Eine Studie, die im Jahr 2019 vom BAG veranlasst wurde, zeigt auf, dass in der Fachausbildung dem Thema Impfen weniger als vier Unterrichtsstunden gewidmet werden. Sehen Sie bei der Ausbildung einen Ansatzpunkt, um die Situation längerfristig zu verbessern? Ja, eindeutig. Themen wie Infektionskrankheiten und deren Prävention sowie Public Health und Epidemiologie sollten in der Ausbildung von Pflegefachpersonen und Fachpersonen Gesundheit (FaGe) breiter vermittelt werden. Deshalb engagierte sich der SBK stark für die Schaffung einer eidgenössischen Höheren Fachprüfung (HFP) für Pflegefachpersonen zur "Fachexpertin Infektionsprävention und Spitalhygiene" Mehr dazu unter: (https://fibs.ch/). Die Fachexpertinnen Infektionsprävention sind traditionell in Spitälern angestellt. Seit einigen Jahren kommen sie zunehmend auch in Heimen oder in der Spitex zum Einsatz. Sie helfen beim Erstellen und Umsetzen von Hygienekonzepten oder bei der Schulung des Personals im Umgang mit Schutzmaterial. Der flächendeckende und systematische in Einsatz dieser Spezialistinnen bei der Vermittlung von Infektionsthemen in der Ausbildung von FaGe und Pflegefachpersonen ist ein weiterer wichtiger Pfeiler, um möglichst schnell markante Verbesserungen zu erzielen.

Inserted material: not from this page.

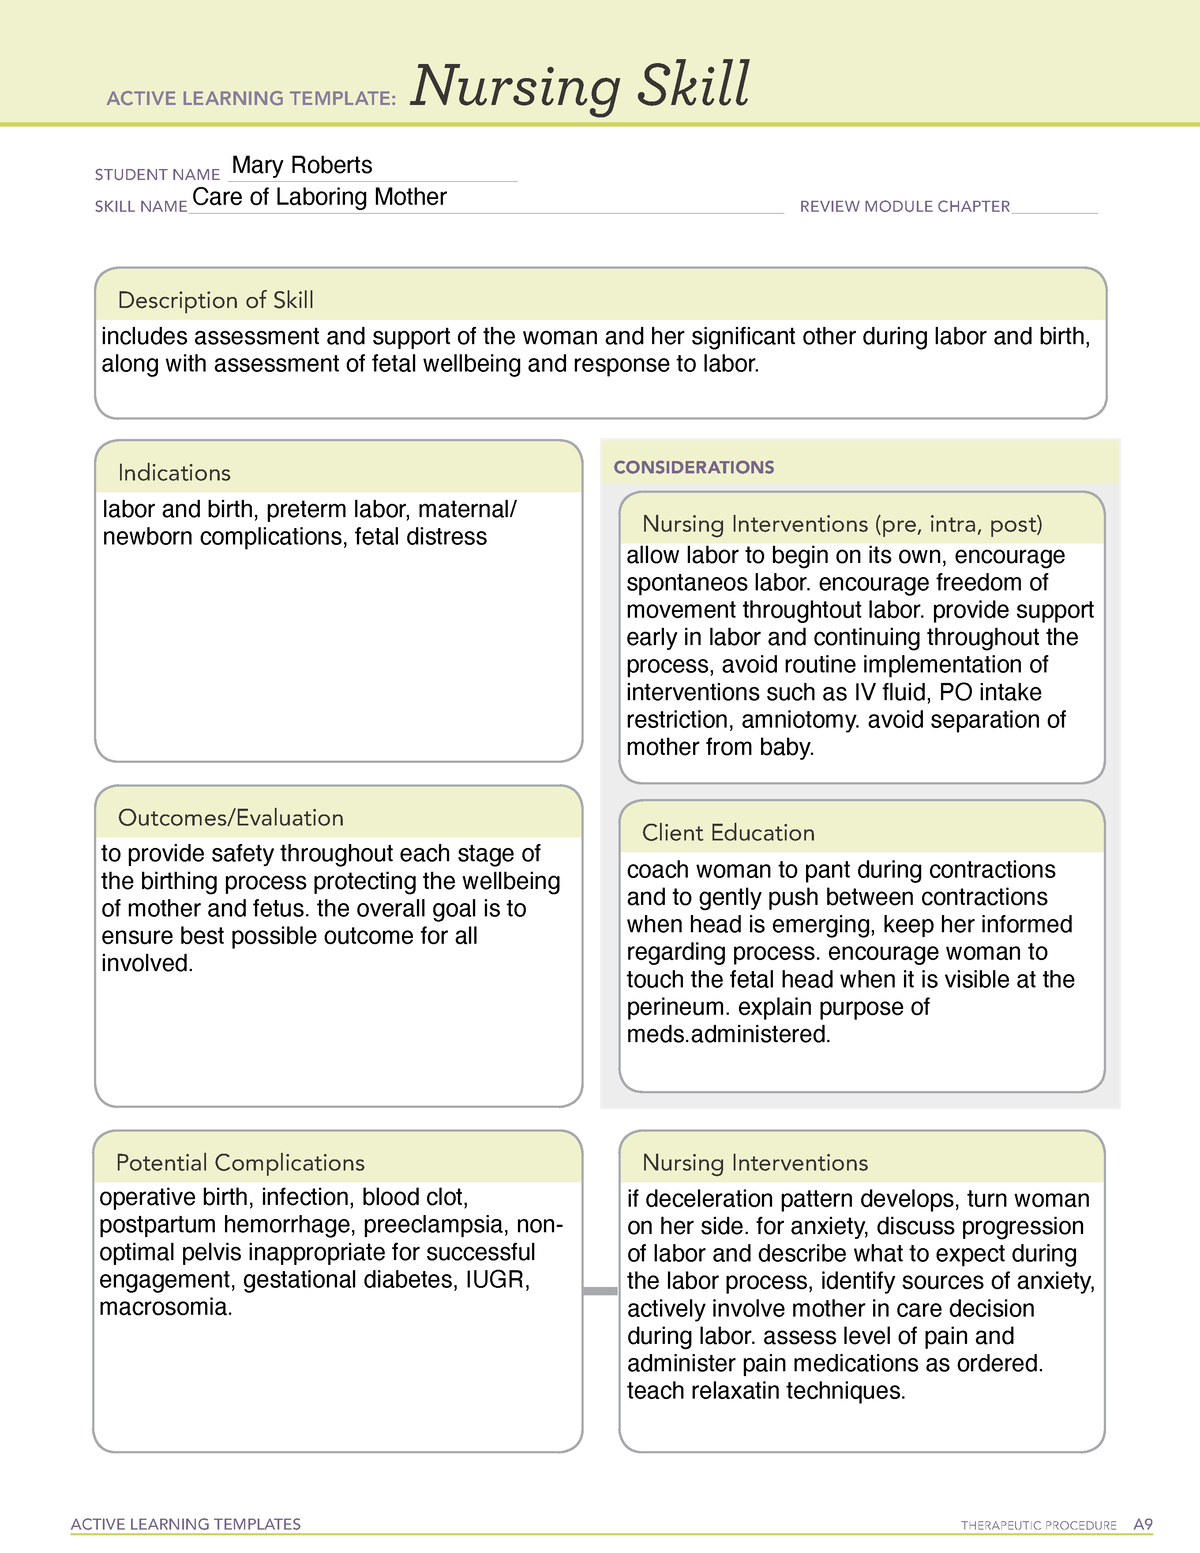 Care of Laboring Mother - ACTIVE LEARNING TEMPLATES THERAPEUTIC ...

Am 28. November 2021 stimmt das Volk über die Pflegeinitiative ab. Viele der enthaltenen Forderungen zur Erhöhung der Pflegequalität und Patientensicherheit sind unbestritten. Doch den Pflegeberuf mittels Verfassungsartikel aufwerten zu wollen, entspricht nicht unserer Rechtsordnung. Wie soll mit diesem Dilemma umgegangen werden? Es gibt hier kein Dilemma. Wir haben 20 Jahre lang versucht die Anliegen der Pflege gesetzlich abzubilden. 2001 hat Nationalrat Joder eine entsprechende Motion eingereicht. Nach deren Scheitern versuchte NR Joder mit einer parlamentarischen Initiative die Anliegen der Pflege in entsprechende Gesetze giessen zu lassen; leider ohne Erfolg. Wir sind damit zwei Mal im Parlament gescheitert. Daher blieb uns auf dem gesetzgeberischen Weg nur noch die Lancierung einer Volksinitiative. Der Indirekte Gegenvorschlag des Parlaments ist ungenügend. Er fokussiert auf die Ausbildung. Es fehlen Massnahmen, damit Pflegende länger im Beruf bleiben. Mehr Informationen zur Pflegeinitiative unter: https://pflegeinitiative.ch/


Roswitha Koch, ist Pflegefachfrau und leitet die Pflegeentwicklung beim SBK. Sie arbeitete 10 Jahre als Pflegeexpertin Intensivpflege. Nach einem Masterstudium in Public Health baute sie die Abteilung Pflegeentwicklung am Gesundheits-departement St. Gallen auf. Seit 2007 ist sie beim SBK für Pflegethemen wie Ethik, Psychiatrie oder Infektionskrankheiten und für internationale Beziehungen zuständig. Weitere Positionen: Vorstand des International Council of Nurses (ICN); Vorstand von APN-CH und vom Fachrat von Public Health Schweiz (PHS). Sie hat Erfahrung mit Epidemien in Afrika und mit den Gesundheitssystem von diversen Ländern auf vier Kontinenten.